Adults bought an average of four pieces of fine jewelry for themselves in the past year, spending an average of $512. Male self-purchasers bought an average of four pieces totaling $740, while female self-purchasers bought an average of three pieces and spent $428. African-American self-purchasers bought an average of five pieces in the past year, spending $1,106; Hispanics bought an average of four pieces of jewelry for $1,060; and Caucasians bought just three items for themselves, spending $412. Jewelry self-purchasers between the ages of 18 and 24 bought an average of six pieces in the last 12 months, spending $855. Jewelry self-purchasers from the Midwest bought more pieces of jewelry—five—for themselves than those in any other region of the country but spent less than Southerners, who bought an average of four pieces last year for $895. Consumers surveyed from the Midwest spent an average of just $255 on all of their jewelry purchases.

Of consumers who bought fine jewelry as gifts last year, adults bought an average of four pieces and spent $442. Caucasians, on average, bought more pieces of jewelry and spent more on those purchases than African-Americans or Hispanics. Consumers surveyed who were over the age of 65 bought an average of 14 pieces of jewelry last year as gifts—four times as many as each of the other age groups bought. However, this group spent only $295 on their purchases. By contrast, respondents in the 45-54 age group bought an average of four pieces of jewelry last year but spent $725 on those purchases. Men, on average, bought five pieces of jewelry last year as gifts and spent $638, while women bought an average of three pieces and spent just $223. Consumers surveyed from the West bought an average of six pieces of jewelry last year but spent only $326, vs. residents of the South who bought four pieces of jewelry and spent $556—the most spent on fine jewelry gifts last year in any region of the country.

Some 14% of all adults surveyed plan to buy fine jewelry for themselves next year. Male self-purchasers are slightly more likely to buy fine jewelry than their female counterparts. African-Americans have a greater likelihood of buying fine jewelry next year than the other two ethnic groups surveyed. Of all the age groups of consumers surveyed, those ages 25-34 are the most likely to make jewelry purchases next year, and Southerners are more likely than those in other parts of the country to purchase jewelry in the next 12 months.

The complete study is available from Unity Marketing, (717) 336-1600.

Methodology: Unity Marketing’s telephone survey was conducted Feb. 24-27. It comprised a national probability sample of 1,015 adults, 509 males and 506 females, living in private households in the United States.
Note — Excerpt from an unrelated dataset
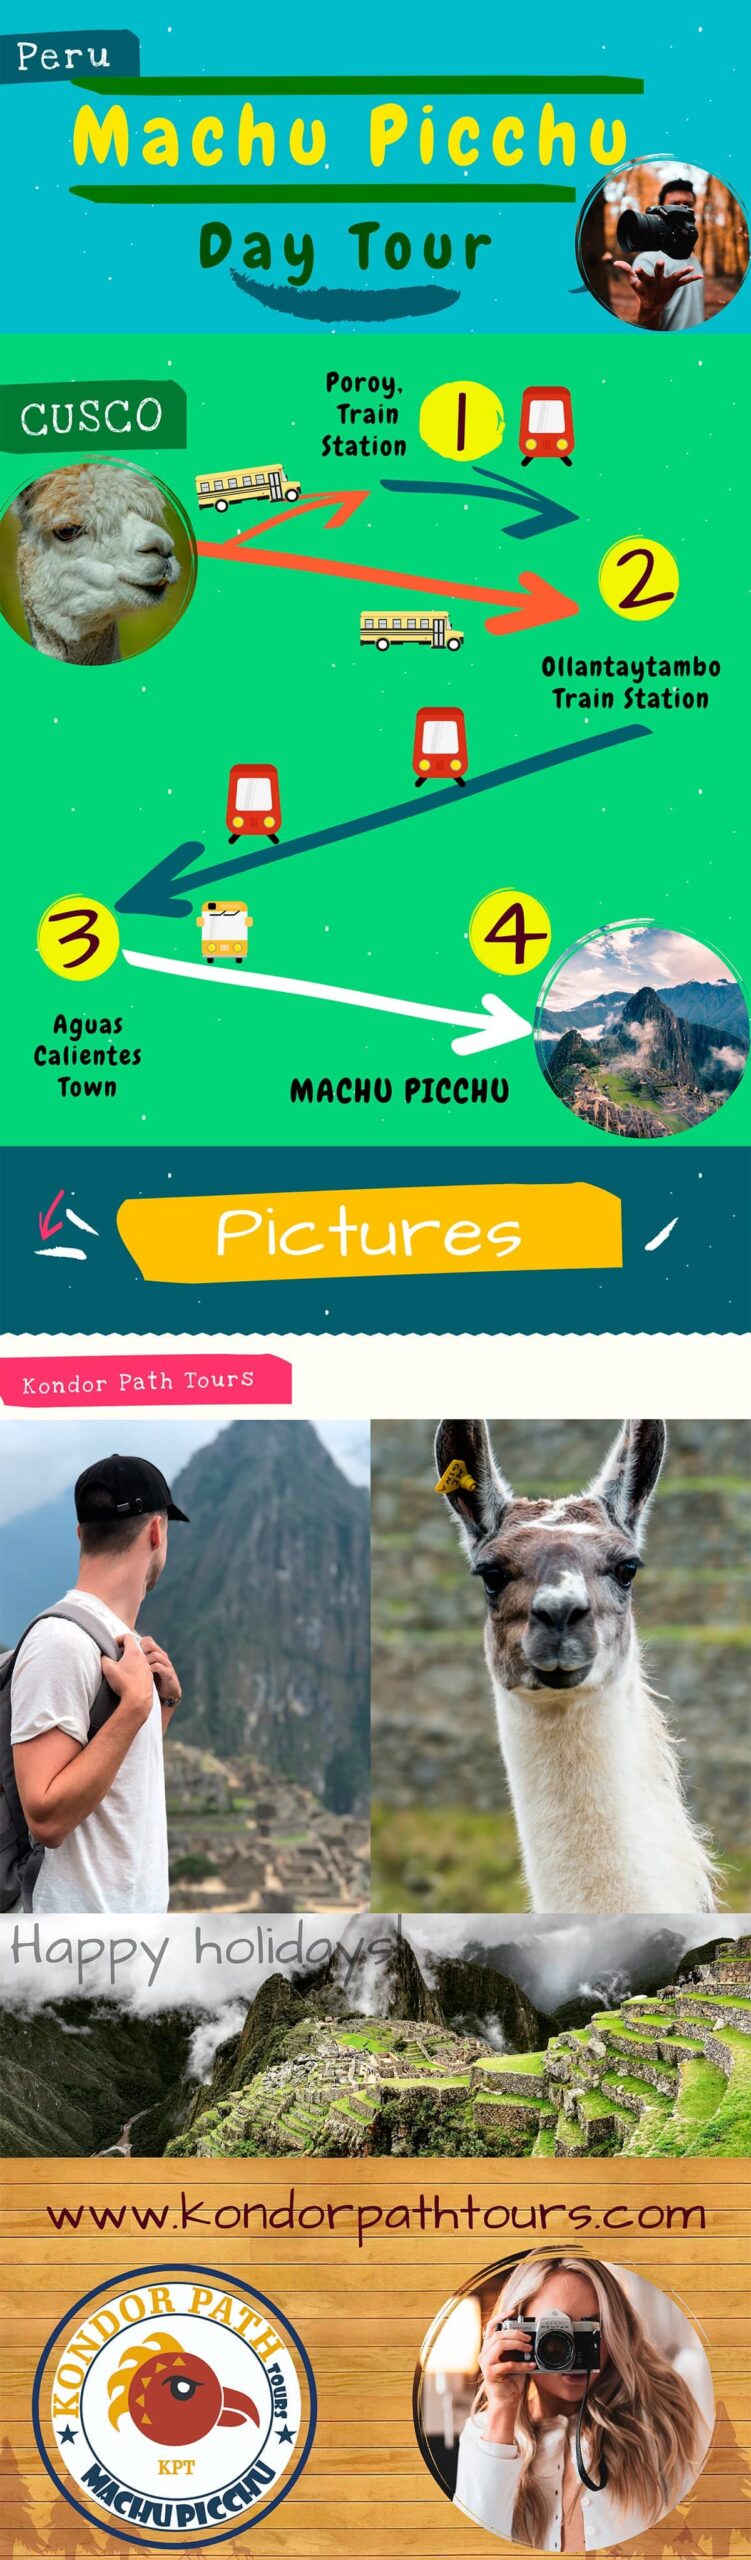 Full Day Machu Picchu Trip

Only one interview was conducted per household. Interviews were weighted by age, sex, race, and geographic region to provide a representation of the total population.

* Some 44% of fine-jewelry buyers surveyed were Hispanic. According to the 1999 population survey from the Bureau of the Census, there are 8.6 million U.S. Hispanics, and based on Unity Marketing’s findings, 3.8 million of them purchased fine jewelry last year. Thirty-seven percent of fine-jewelry buyers surveyed were African-American. According to the 1999 population survey from the Bureau of the Census, there are 23.5 million African-Americans in the United States, and based on Unity’s research, 8.7 million of them purchased fine jewelry last year. Thirty-two percent of fine jewelry buyers surveyed were Caucasian. According to the 1999 population survey from the Bureau of the Census, there are 166.1 million Caucasians in the United States, and 53.2 million bought fine jewelry last year.